Eine Rückkehr zur Freiheit, nach fast einem Jahr in geschlossenen Räumen unter Sperrung


TORONTO – Ted Freeman-Atwood, 90, rollte in seinem Rollstuhl aus seinem großen, gemauerten Pflegeheim, trug eine blaue Tweed-Jacke mit einem weißen Taschentuch, das aus der Brusttasche hervorragte. „Das ist die weiteste Strecke, die ich seit letztem Jahr gefahren bin“, sagte er dem Manager seines Lieblingsrestaurants zwei Blocks weiter, der ihn mit Namen begrüßte.

Es war ein wunderschöner Tag im Juni. Der Himmel klar, die Sonne großzügig und Torontos Straßen lebendig. Nach acht Monaten fast ständiger, von der Regierung erzwungener Schließungen öffneten kleine Ladenfronten ihre Türen für Kunden und Restaurantbesucher strömten von den Terrassen auf dem Bürgersteig auf die Straße.
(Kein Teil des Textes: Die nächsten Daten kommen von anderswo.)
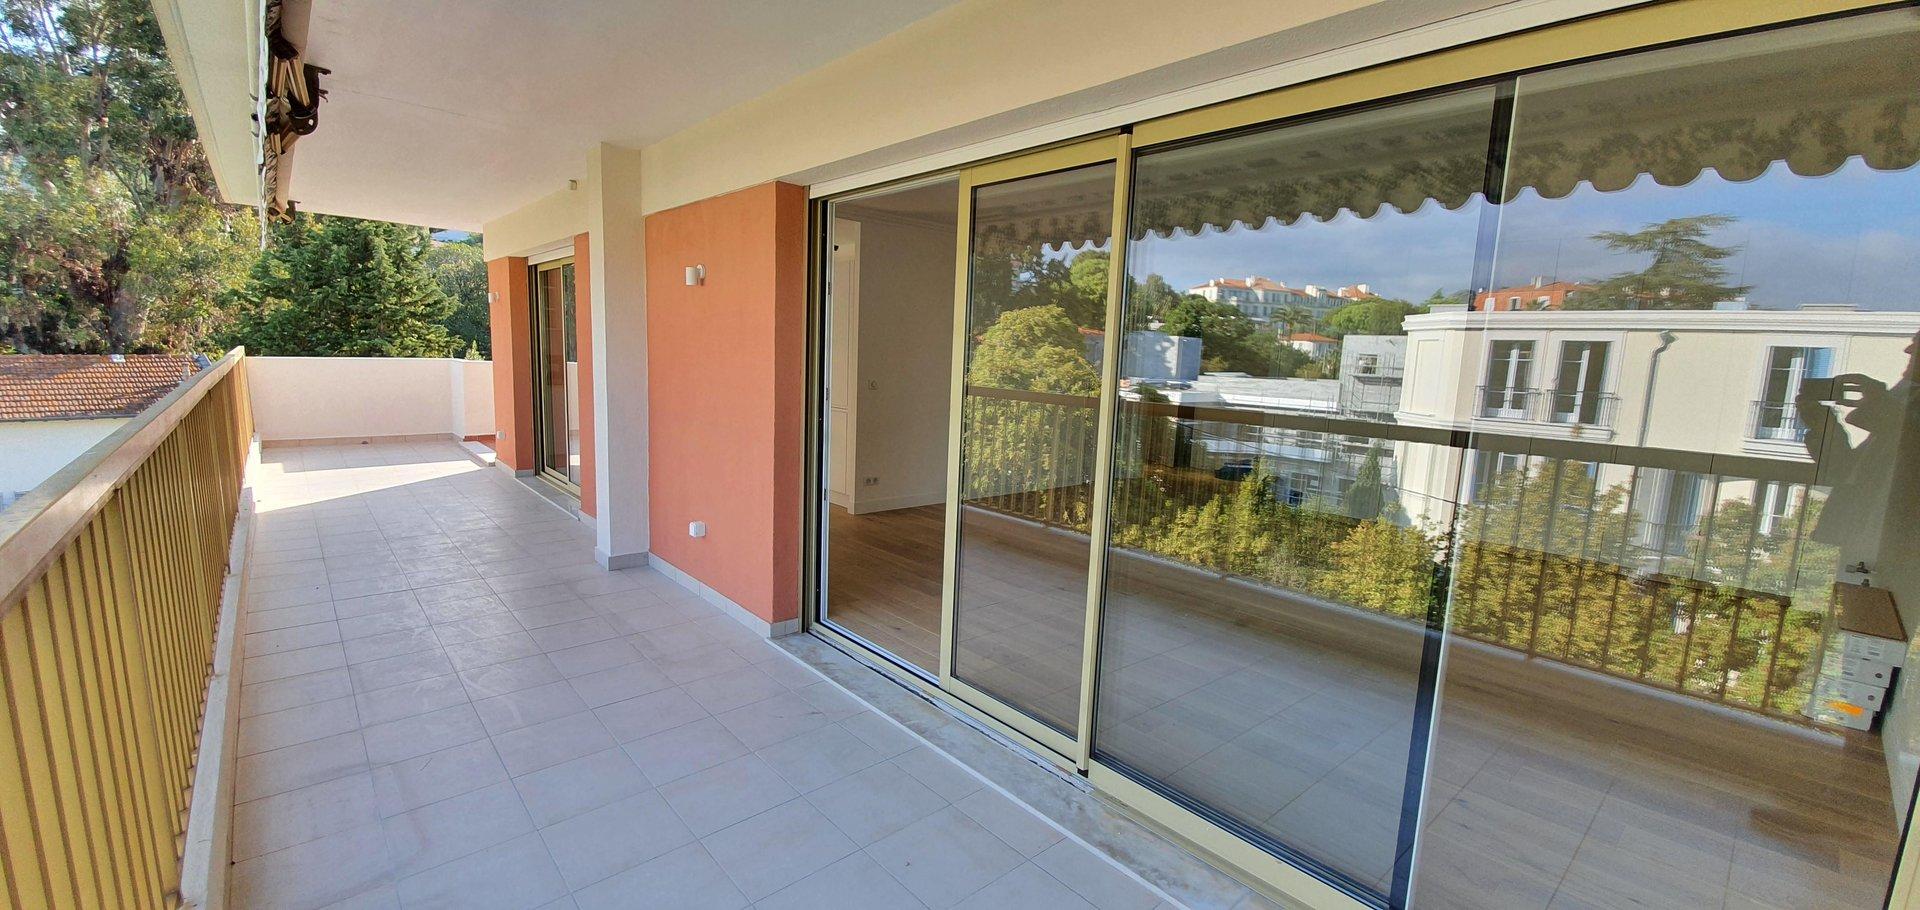 Basse Californie 2-bedroom Top Floor apartment 55 sqm of terraces and Garage

Es war Mr. Freeman-Atwoods erster richtiger Ausflug seit August 2020; sein zweiter seit Beginn der Coronavirus-Pandemie.

Er bestellte ein Glas Pinot Grigio und erklärte, dass er dieses Vergnügen seit fast einem Jahr nicht mehr geschmeckt habe, weil „der Laden, in dem ich wohne, keine betrunkenen alten Männer will, die nach 17 Uhr Mädchen bescharren“.

Toronto – die Stadt, die vom nationalen Verband der Kleinunternehmen als „die Sperrhauptstadt Nordamerikas“ bezeichnet wurde – war voller Freiheiten und Freiheiten, die viele im Februar 2020 als lästige Pflicht angesehen hatten.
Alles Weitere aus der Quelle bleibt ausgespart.